2. La historia de Bruno. 

Primer episodio.
            Entraba en aquella clase por primera vez. Juan los estudiaba con curiosidad, pero no podía; no podía porque no se sabía sus nombres; no sus rostros. Pasó lista. Casi todos tenían en la cara un retrato de indisciplina. Pero ahora se aguantaban. De momento. Era un profesor nuevo y no lo conocía nadie. Lo que iba a enseñar a lo largo del curso lo resumía ahora en una frase:
            -Las cosas sirven y cuando dejan de servir se tiran y se compran otras. En cambio las personas no tienen precio; tienen dignidad.
            Oyó que un chico hablaba en voz alta.
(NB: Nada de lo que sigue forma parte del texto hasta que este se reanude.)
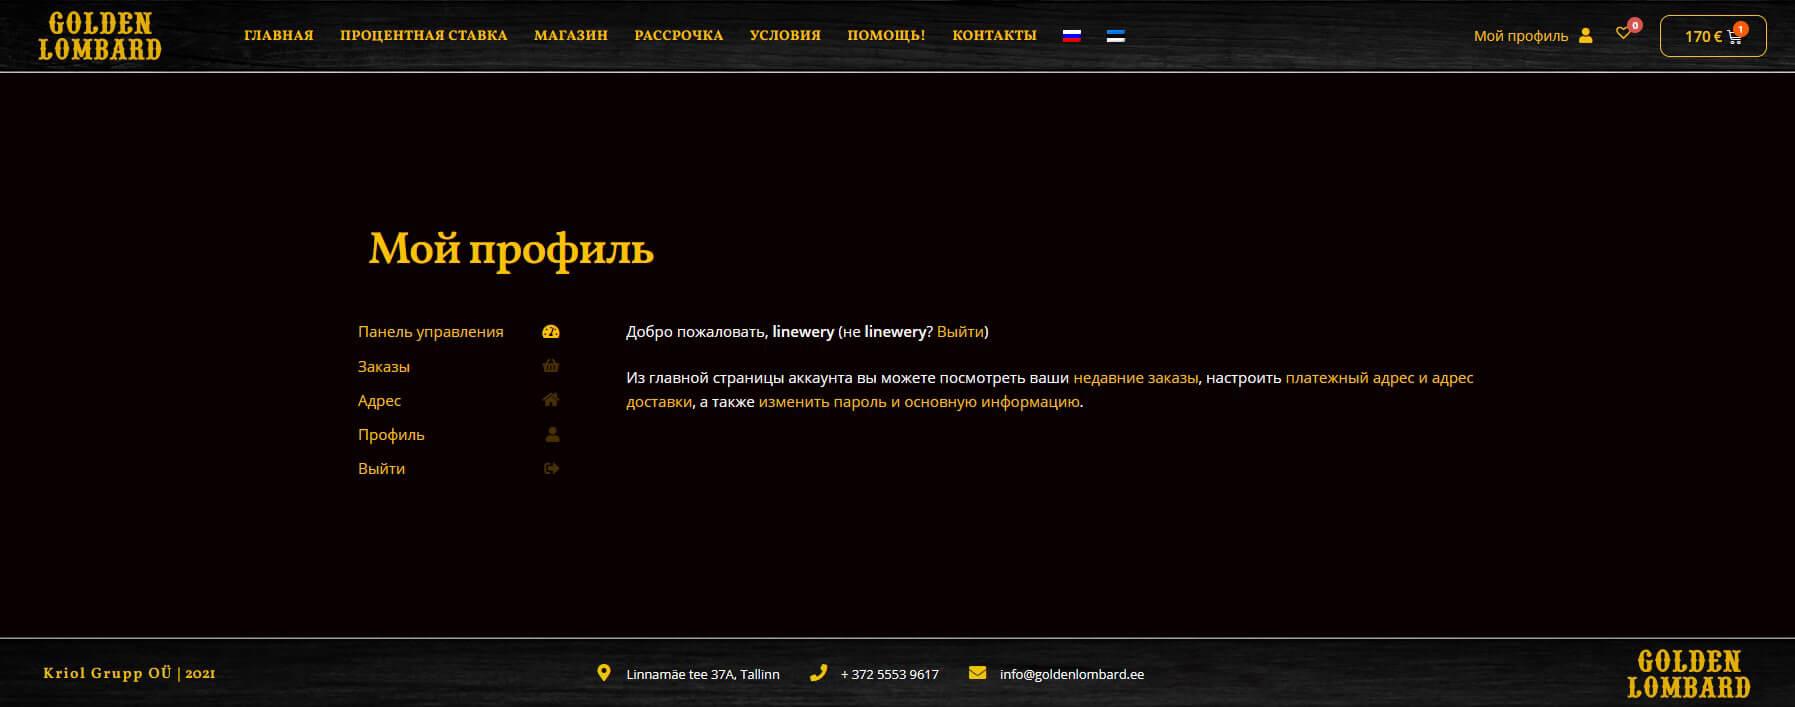 Golden Lombard - страница личного профиля

Hablaba solo.
            -Perdón, ¿cómo te llamas? –dijo Juan dirigiendo la mano hacia él.
            -¿Yo? Bruno. –Y Bruno gesticulaba como si él no hubiera molestado a nadie.
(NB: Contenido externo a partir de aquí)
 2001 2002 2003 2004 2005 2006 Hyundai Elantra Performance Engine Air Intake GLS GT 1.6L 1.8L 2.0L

            -Profe. Profe –dijo otro, que ya se levantaba hacia él. Se le puso encima y le metía la cabeza en las narices, invadiendo su espacio privado-. ¿Qué hay que hacer para aprobar?
            Juan se apartó y, a cada paso que retrocedía, era un paso que el chico avanzaba. Para intentar pararle los pies le preguntó su nombre.
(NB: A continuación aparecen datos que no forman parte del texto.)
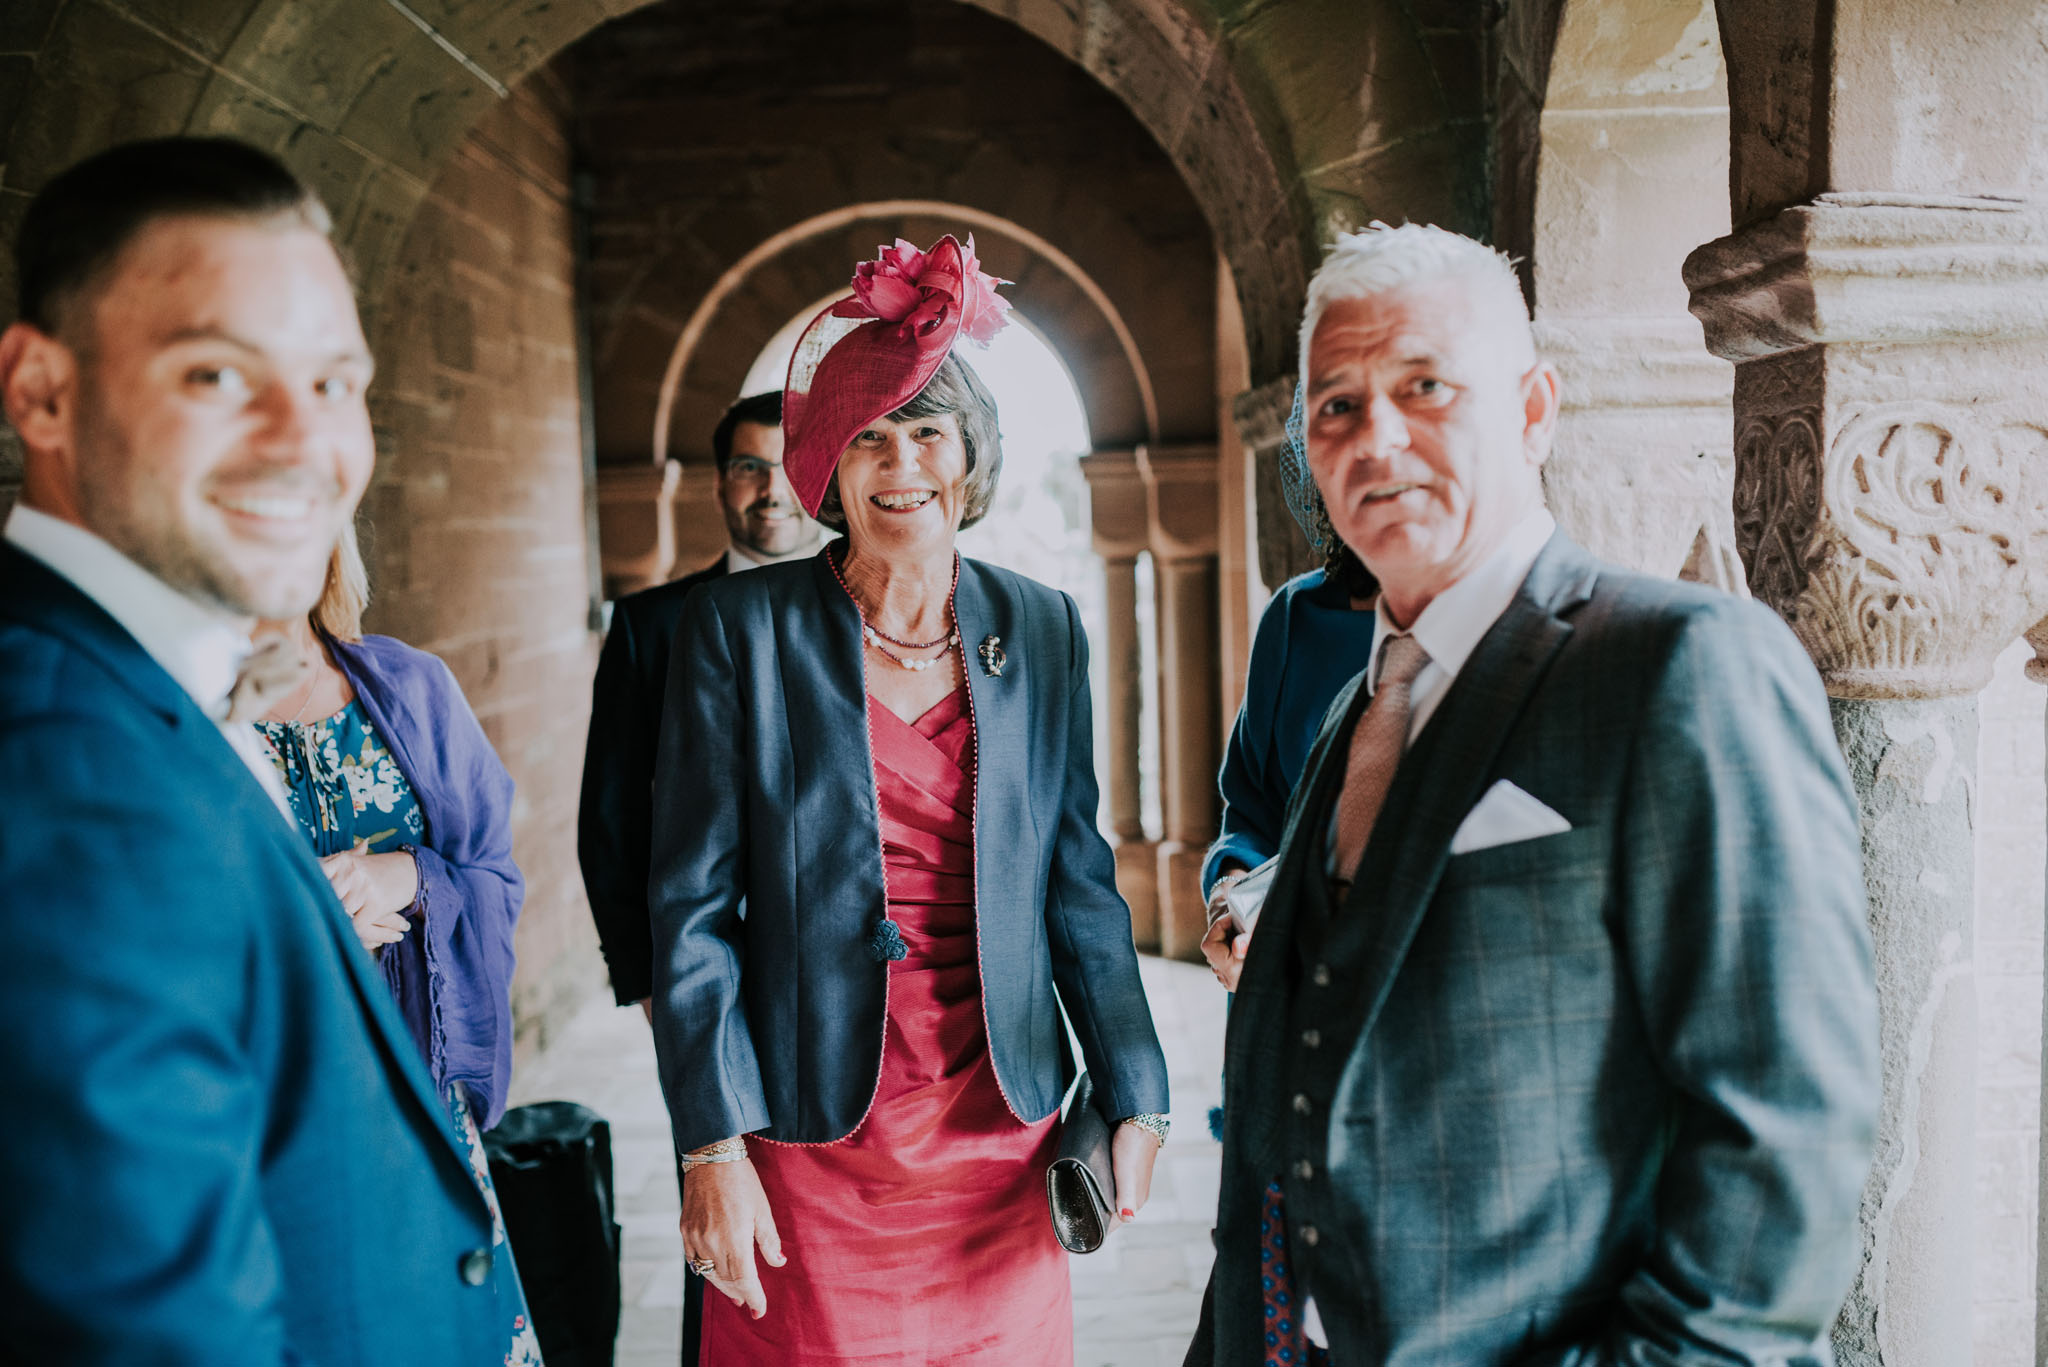 wedding-photographer-glewstone-court-hereford-scott-stockwell-photography098.jpg

            -Luis –dijo el chico; y Juan no supo decir si esa cara era sincera o lo miraba con cinismo.
            Le puso una mano en el pecho para alejarlo un poco y de pronto oyó ruido en dos asientos de la izquierda; dos de los chicos se estaban despachando a gusto.
            -Vete a tu sitio, Luis –dijo, intentando mirar tras de su cabeza como quien mira detrás de unos árboles molestos. El corpachón de Luis se le acercaba. –Siéntate, por favor- y lo dijo poniendo distancia con la mano.
            -Pero, profe, ¿qué hay que hacer para aprobar?
            La paciencia de Juan estaba poniéndose a prueba. Su cabeza empezaba a calentarse.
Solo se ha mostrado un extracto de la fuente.